To parallelize the listing of objects, I created a table of every 2 letter/number combination. Then that list of 2 letter combination, once again, becomes split and parallelized by Spark via RDDs. Within each RDD, it was possible to use the --prefix
flag to only return the files that started with the 2 letter combination of the RDD. I played around with different size of letter combinations, but found that the 2 letter combinations worked best to prevent S3 throttling and spreading the work (as always, YMMV).
Also, as a reminder to the reader that S3, being a object store, S3 does not have a file structure and any file structure has been artificially created via the prefix string. Meaning that the --prefix
argument essentially becomes a string startsWith
function for the list objects call. That being said, this process does list all objects with the prefix, meaning that all files in the bucket are listed, but the cost of listing all the objects is far lower than letting an EMR cluster sit idle. As an aside, if a bucket has prefixes that contains separate data sets, e.g.:
you could simply suffix the 2 letter combination with the dataset name to create the prefix (as seen in the example like datasetName1/AA, datasetName1/AB, datasetName1/AC, ...

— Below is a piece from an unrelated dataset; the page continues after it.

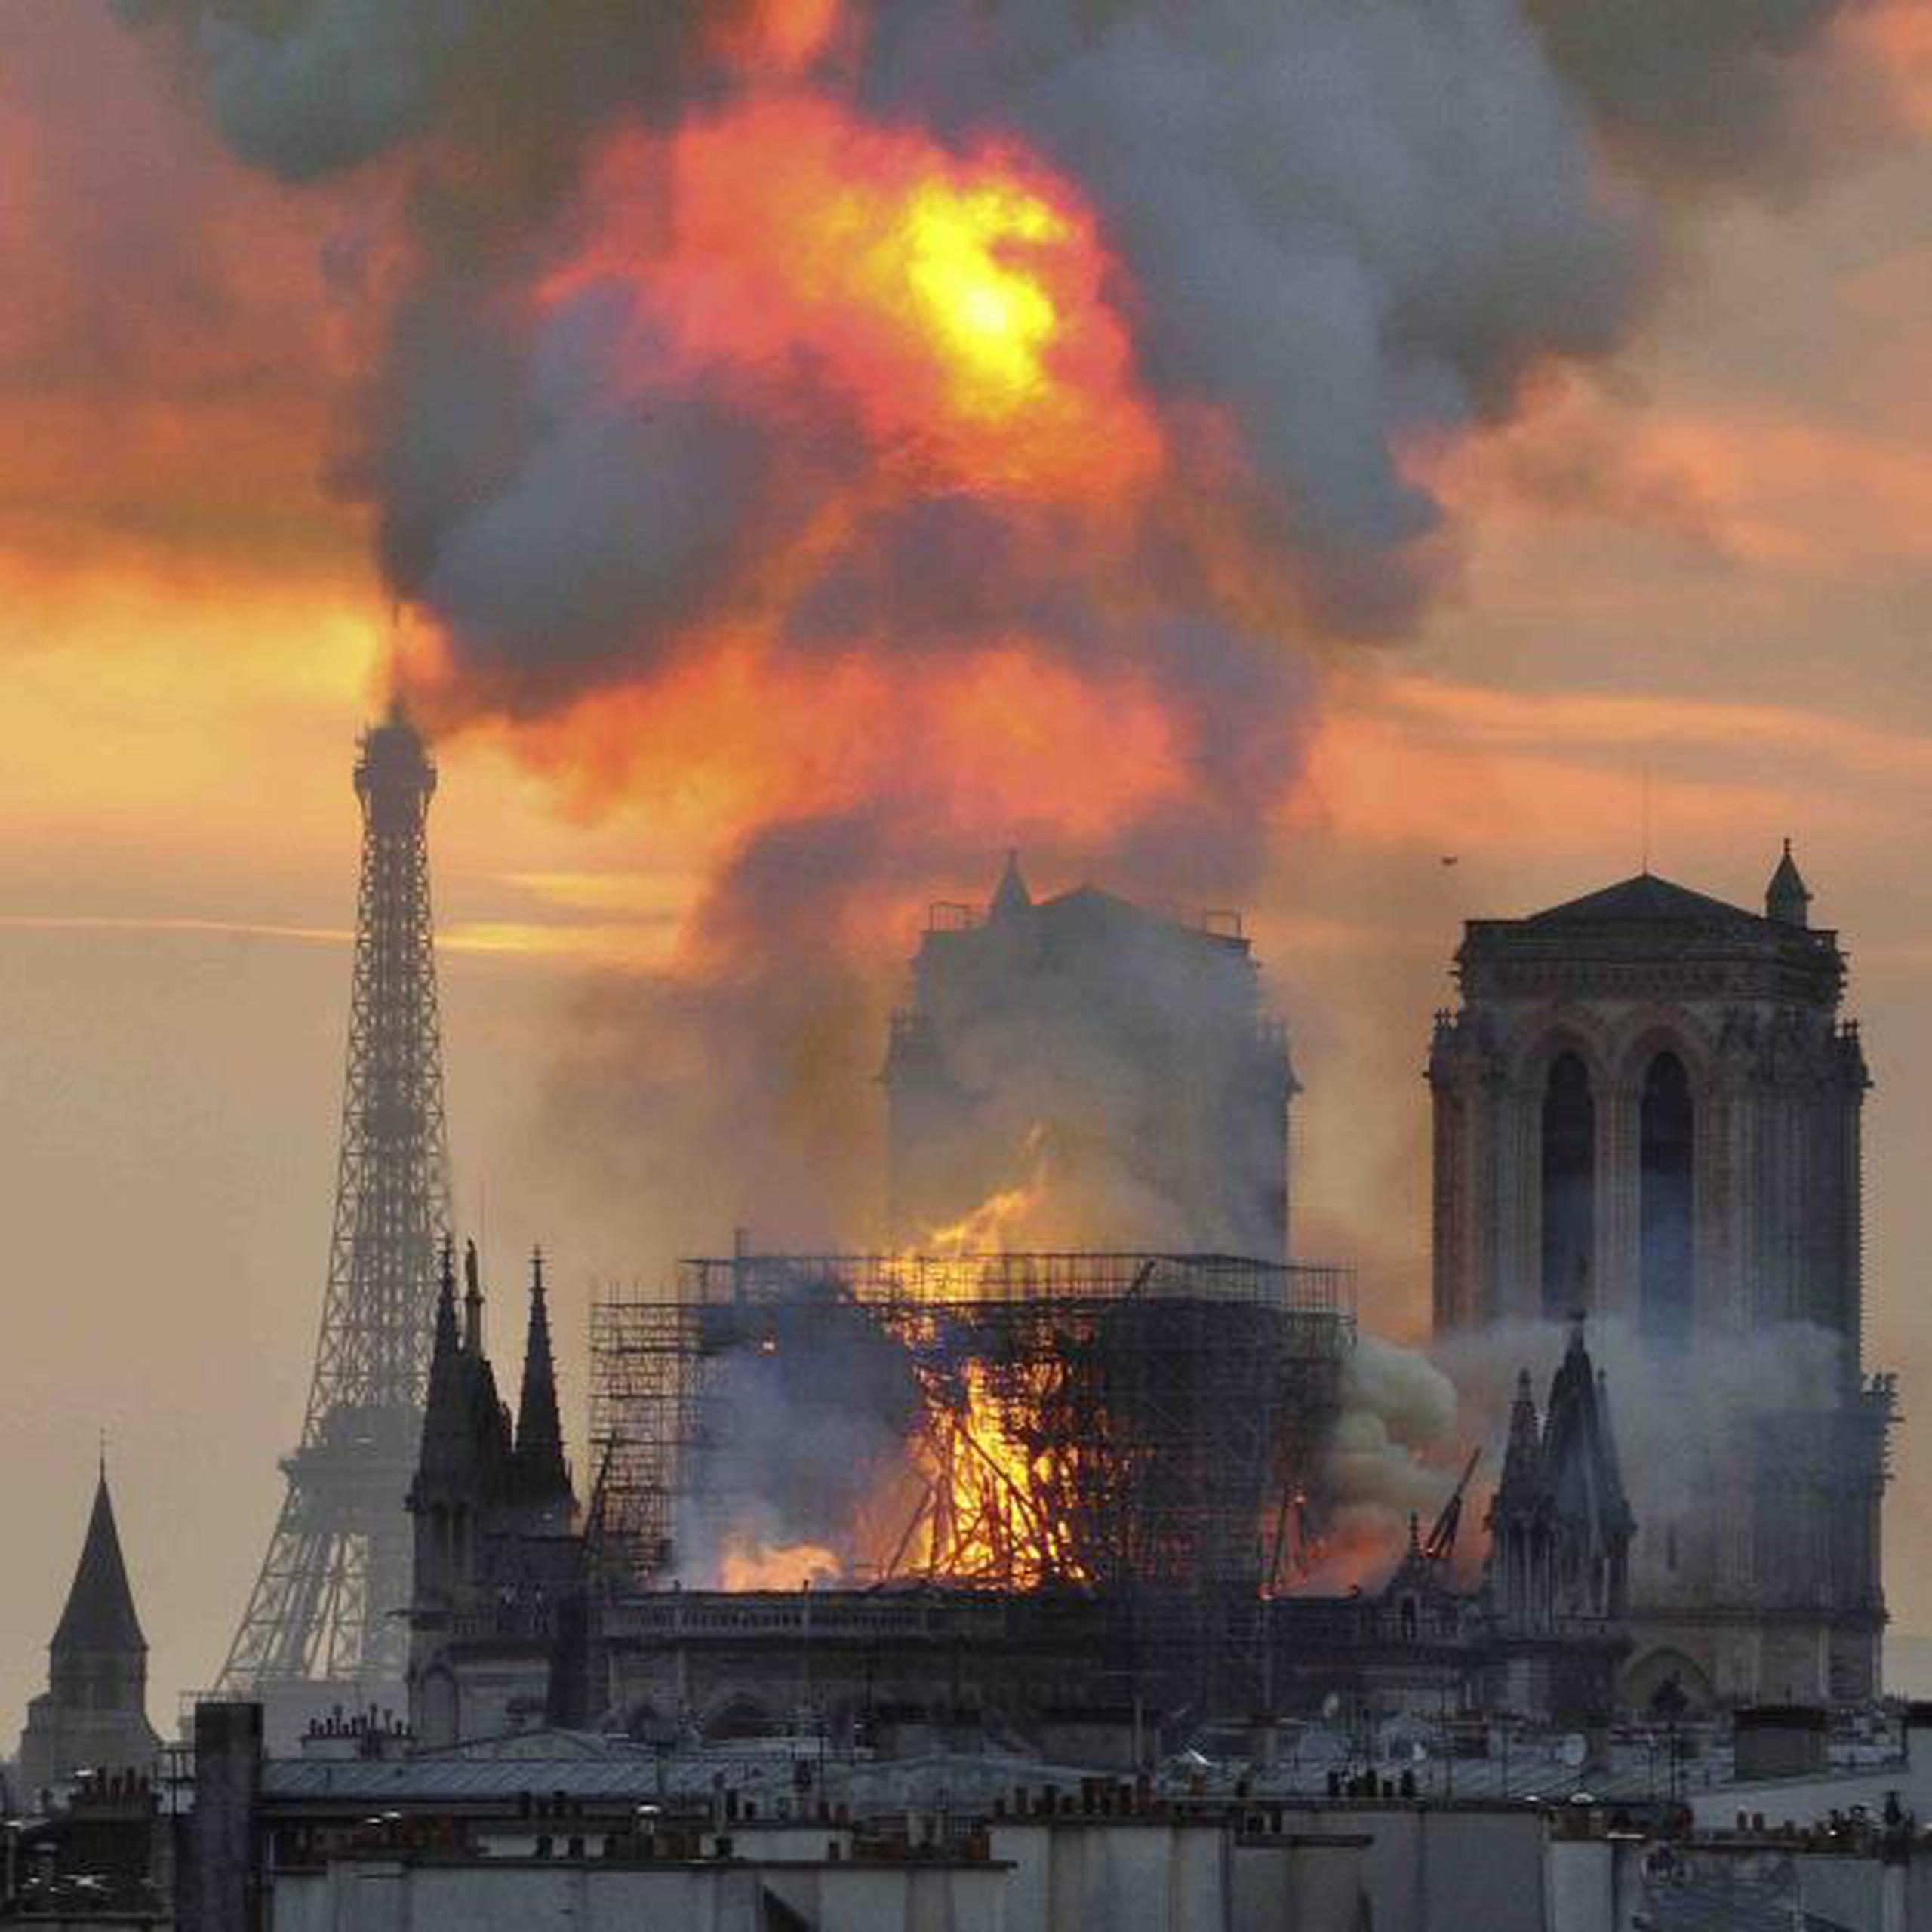 Se tomarán medidas de precaución para proteger a los trabajadores cuando empiece la reconstrucción de la catedral. (AP / Thierry Mallet)

). But in our case, the files are simply dropped into a bucket.
As the files are read, they are filtered by using a lastRead
timestamp and filtering on the objects’ lastModified
date. Only objects after the lastRead
timestamp are then passed on to be read into a dataframe. The filter operation occurs on a List
, which means in Scala, that doing things in parallel means just adding .par
.
This data set happens to be JSON, so we’re able to easily convert the JSON into a dataframe for writing later. The code below shows all of this in action.
Recording Previously Read Files
Keeping with the manifest file idea, we write out the timestamp before the call to the above copyObjectsIntoDataframe
to a file in S3 and read that file back to be used for filtering. We create that timestamp to be written before the function because we want to get all the new files without missing any. An edge case exists where we could read in the same file twice, but that’s handled down stream and therefore not an issue.
Result
The result was that the S3DistCP job went from ~40 minutes to ~1 minute. A 40X improvement.
Summary
S3DistCP is a fantastic tool for copying data from point A to point B and we still use S3DistCP. But any time there’s a need to keep track of files, we try to avoid the use of a manifest file as it’s shown to have performance issues at scale (scale in this case, being time passed).
In both of the above cases, it seems that we were able to get a ~40X improvement in performance by writing our own processes. The 40X seems to be consistent because that’s when the team starts to notice that clusters are starting to run too long and our monitoring starts alerting every time the process runs.
If you’re planning on using S3DistCP with a manifest for long periods of time or for many files, I’d advice rolling your own or using the --copyFromManifest
, which only copies the files specified.